Management algorithm for a newly created arteriovenous fistula with weak thrill or pulse
If the augmentation test is positive at 6 weeks, an AVF can be monitored regularly at 1–2-week intervals for a maximum of 12 weeks. If at the end of 12 weeks, an AVF remains immature, then further investigation with fistulography should be considered. Waiting longer than 12 weeks, hoping for an AVF to mature, is generally not in the patient’s best interest. Active and aggressive intervention can help salvage these immature fistulas and shorten the duration of alternate vascular access, which is invariably a tunneled central venous catheter. If a fistulogram fails to identify any correctable pathology to assist with AVF maturation process, alternate plans to create another permanent vascular access should be made immediately, and the patient needs to be referred back to the surgeon.
15.4.2 Established AVF
Hemodialysis process is complex and involves constant monitoring of the patient as well as the hemodialysis machine. A complete and thorough physical examination of an established AVF should be performed before each dialysis treatment by skilled dialysis personnel.
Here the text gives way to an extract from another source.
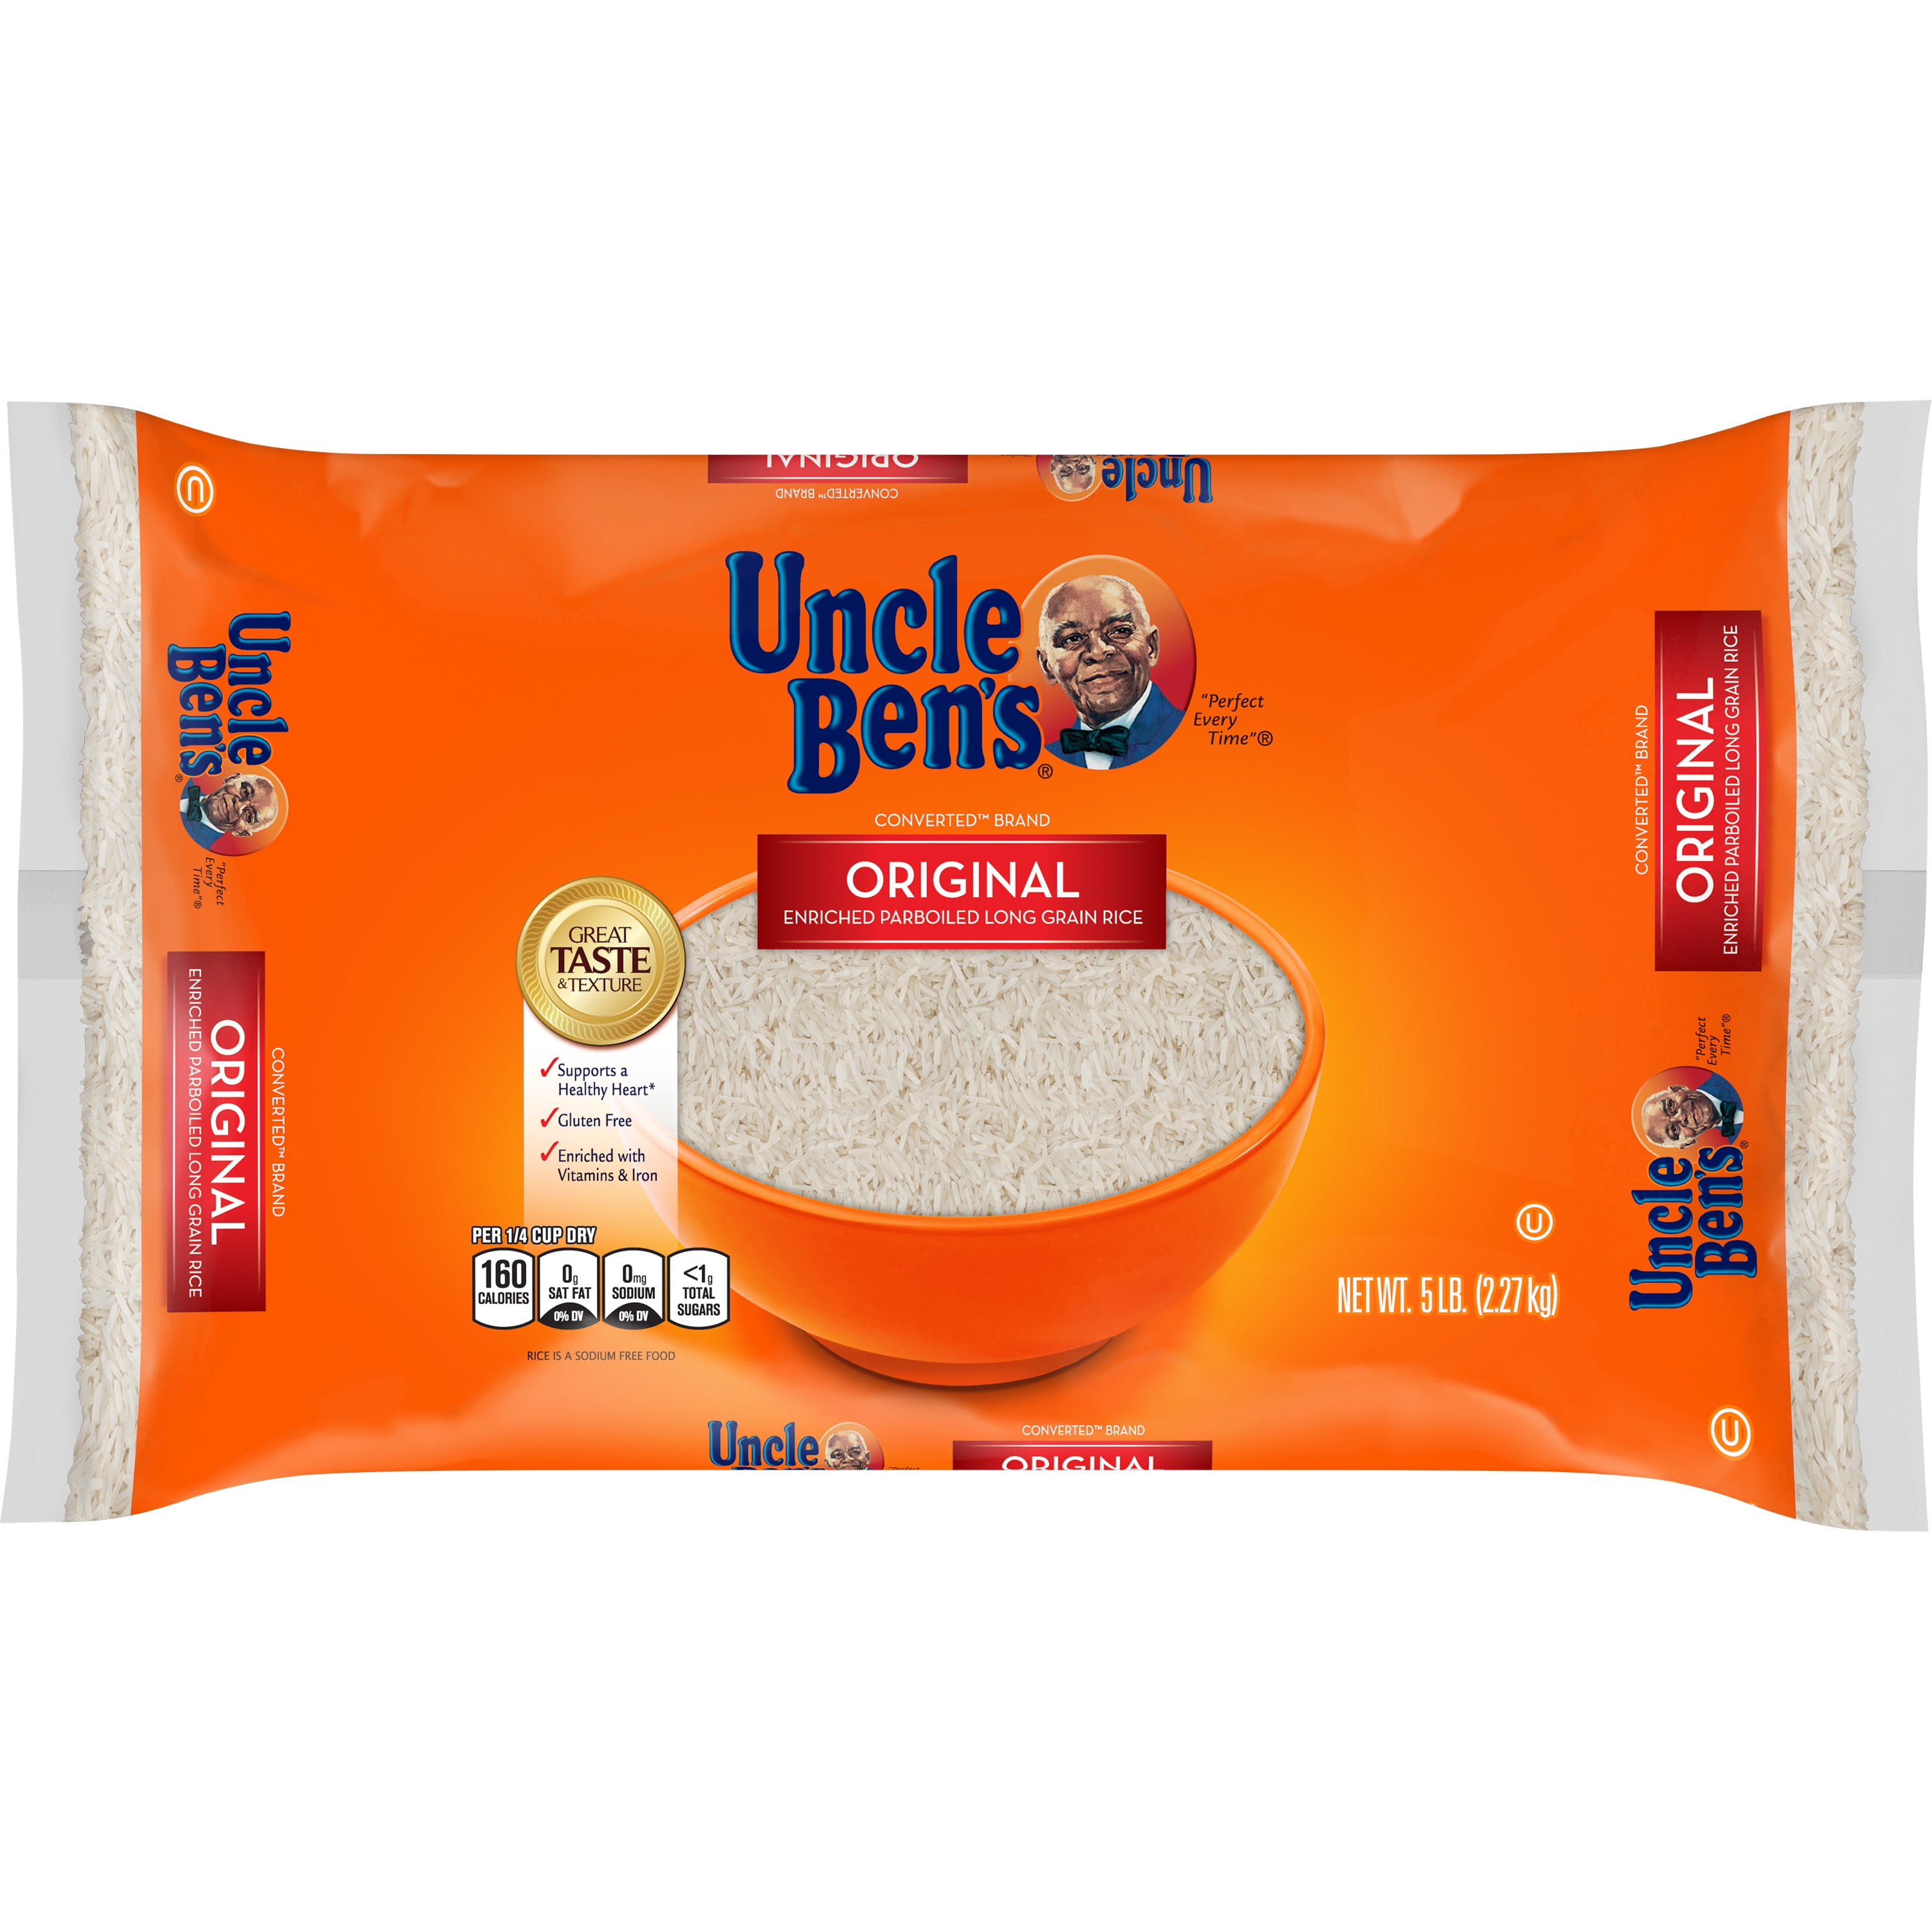 Uncle Ben's rice to get new name, Ben's Original

During the treatment process, various settings on the hemodialysis machines, such as speed of the blood pump, and arterial and venous pressure monitoring are routinely performed by the dialysis staff. The quality of the dialysis treatment is judged by measuring the solute clearance from blood tests performed on a monthly basis. Figure 15.4 outlines the clinical approach for evaluating an established AVF with faint thrill. The algorithm incorporates the physical examination findings and other hemodialysis machine parameters and provides a practical approach to identify a failing AVF. The average blood flow prescribed for hemodialysis treatment in the USA is around 350–400 ml/min. The dialysis arterial pressure recorded with 350–400 ml/min blood flow from a well-functioning AVF is generally less than negative 200 mmHg. Inflow segment stenosis is less than likely, if the prescribed blood flow is not achieved or the arterial pressure is more than negative 200, along with faint thrill at inflow.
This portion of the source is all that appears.